- **PROBLEM STATEMENT**
Using the records below, copy exactly the part that opens with the line holding "BTU-tiful Pulse" and closes with the line holding "PAINTED LADY BUTTERFLY", minus the pictures.

- **GIVEN RECORDS**
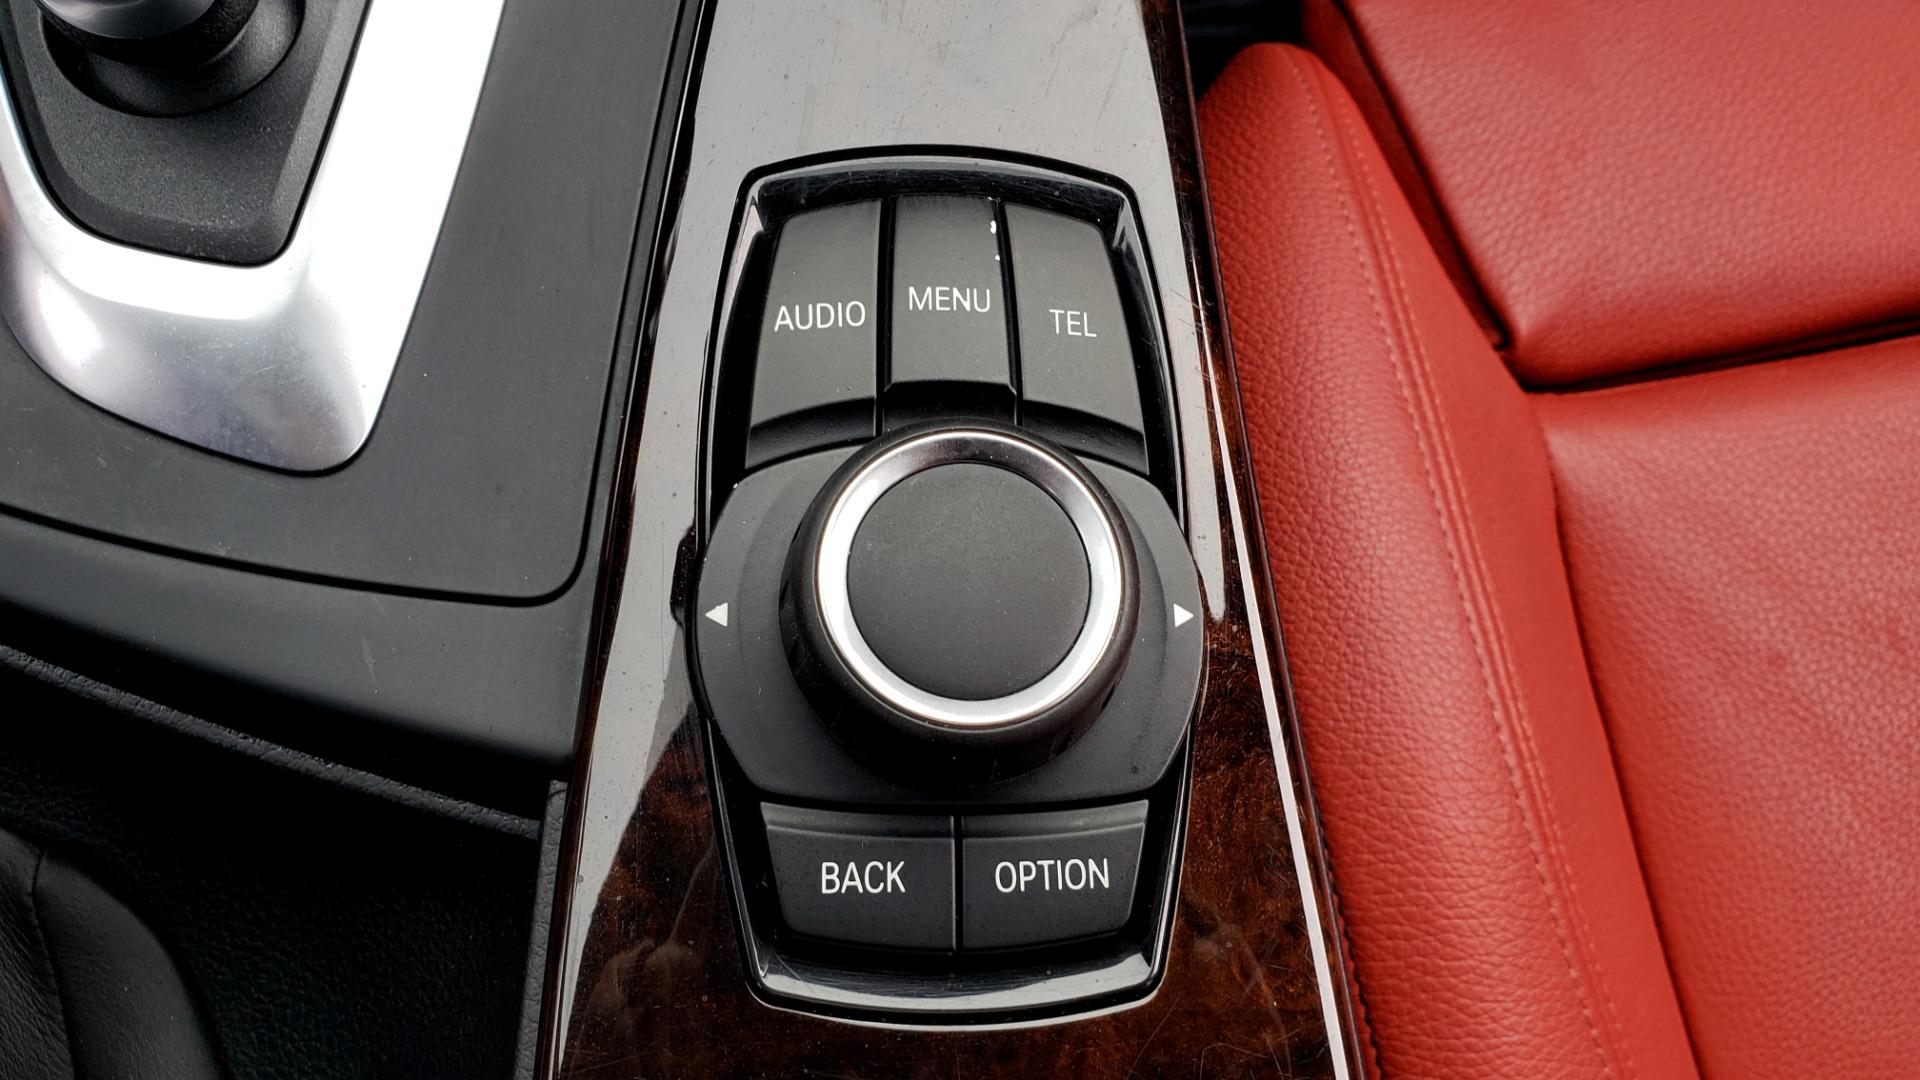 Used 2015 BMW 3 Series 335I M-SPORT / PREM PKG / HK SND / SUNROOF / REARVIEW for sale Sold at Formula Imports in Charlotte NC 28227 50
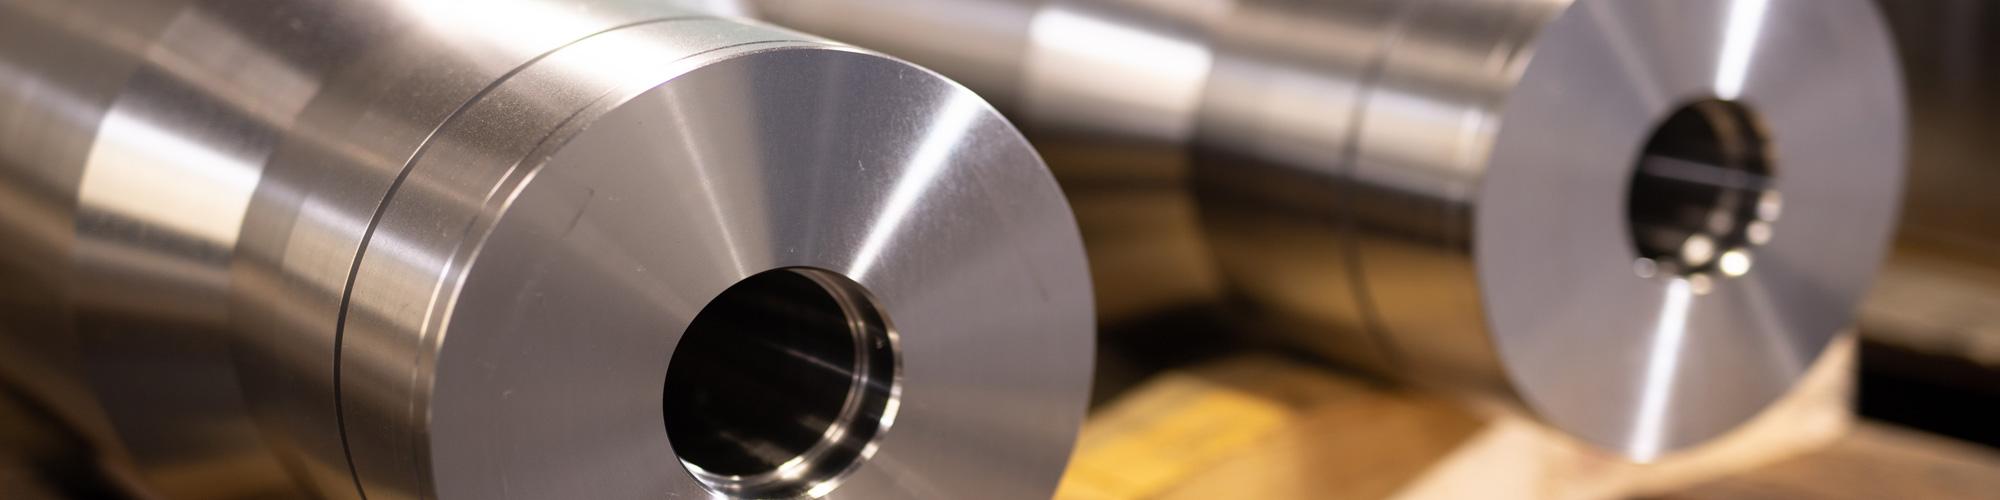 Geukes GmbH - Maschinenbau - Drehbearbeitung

---

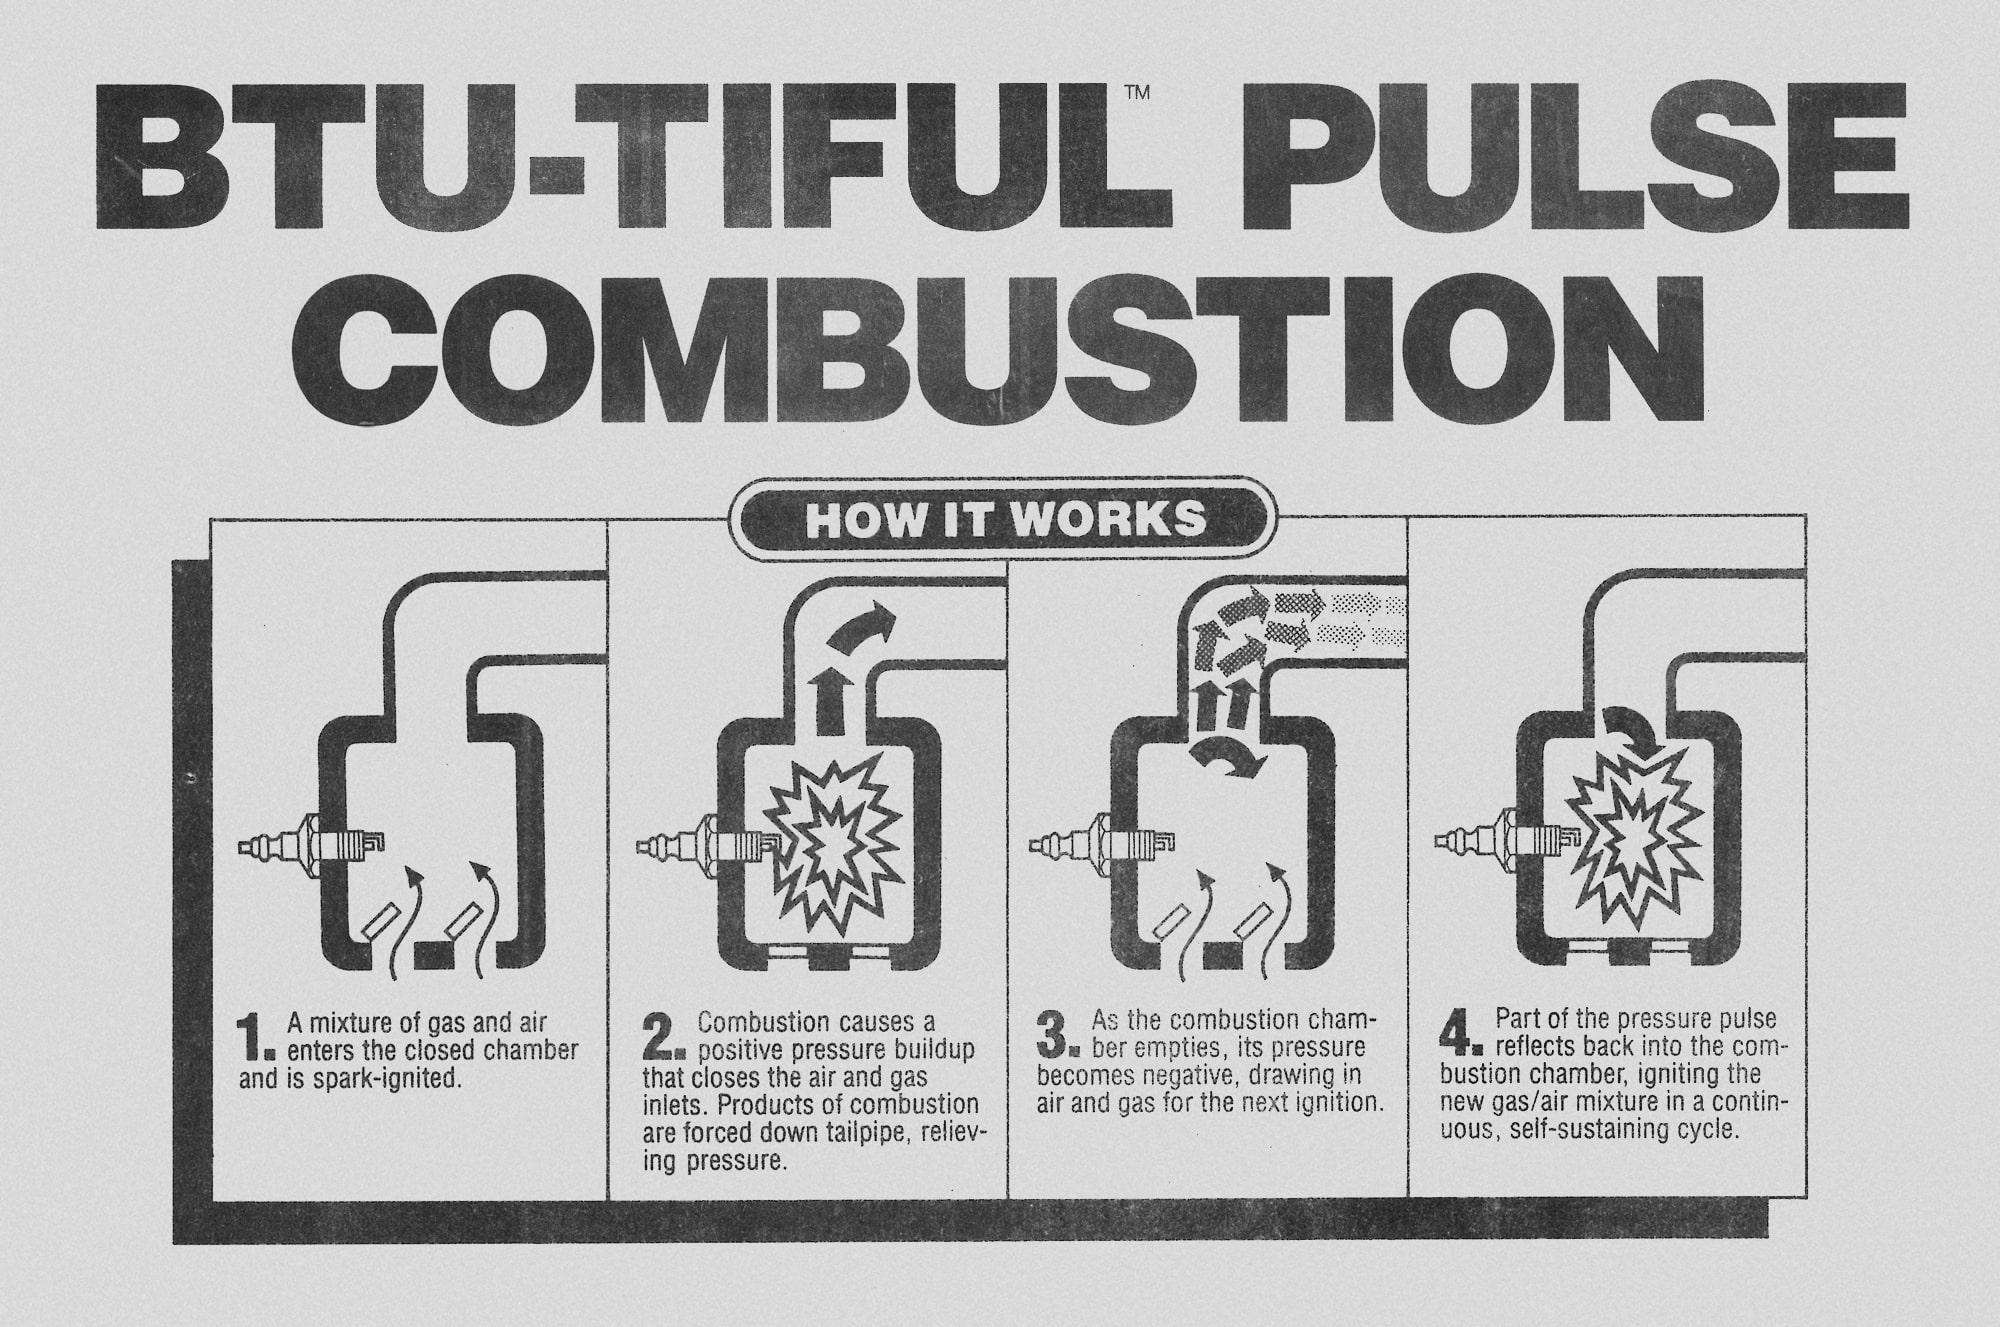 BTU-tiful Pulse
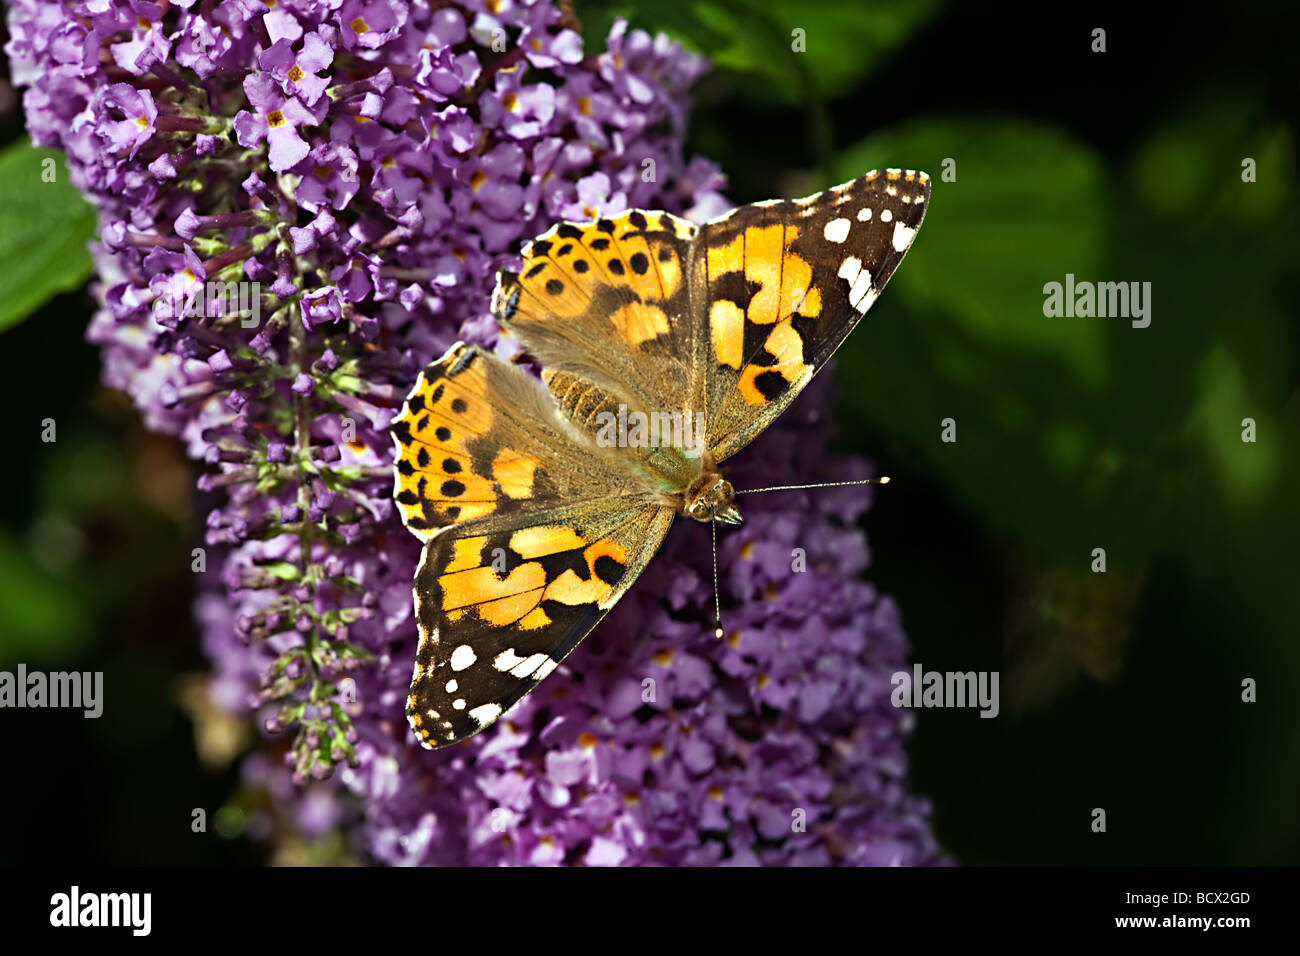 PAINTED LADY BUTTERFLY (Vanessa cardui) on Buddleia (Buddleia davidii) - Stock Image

==

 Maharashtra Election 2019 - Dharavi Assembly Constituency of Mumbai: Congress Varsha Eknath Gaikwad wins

- **EXERCISE SOLUTION**
 BTU-tiful Pulse
 PAINTED LADY BUTTERFLY (Vanessa cardui) on Buddleia (Buddleia davidii) - Stock Image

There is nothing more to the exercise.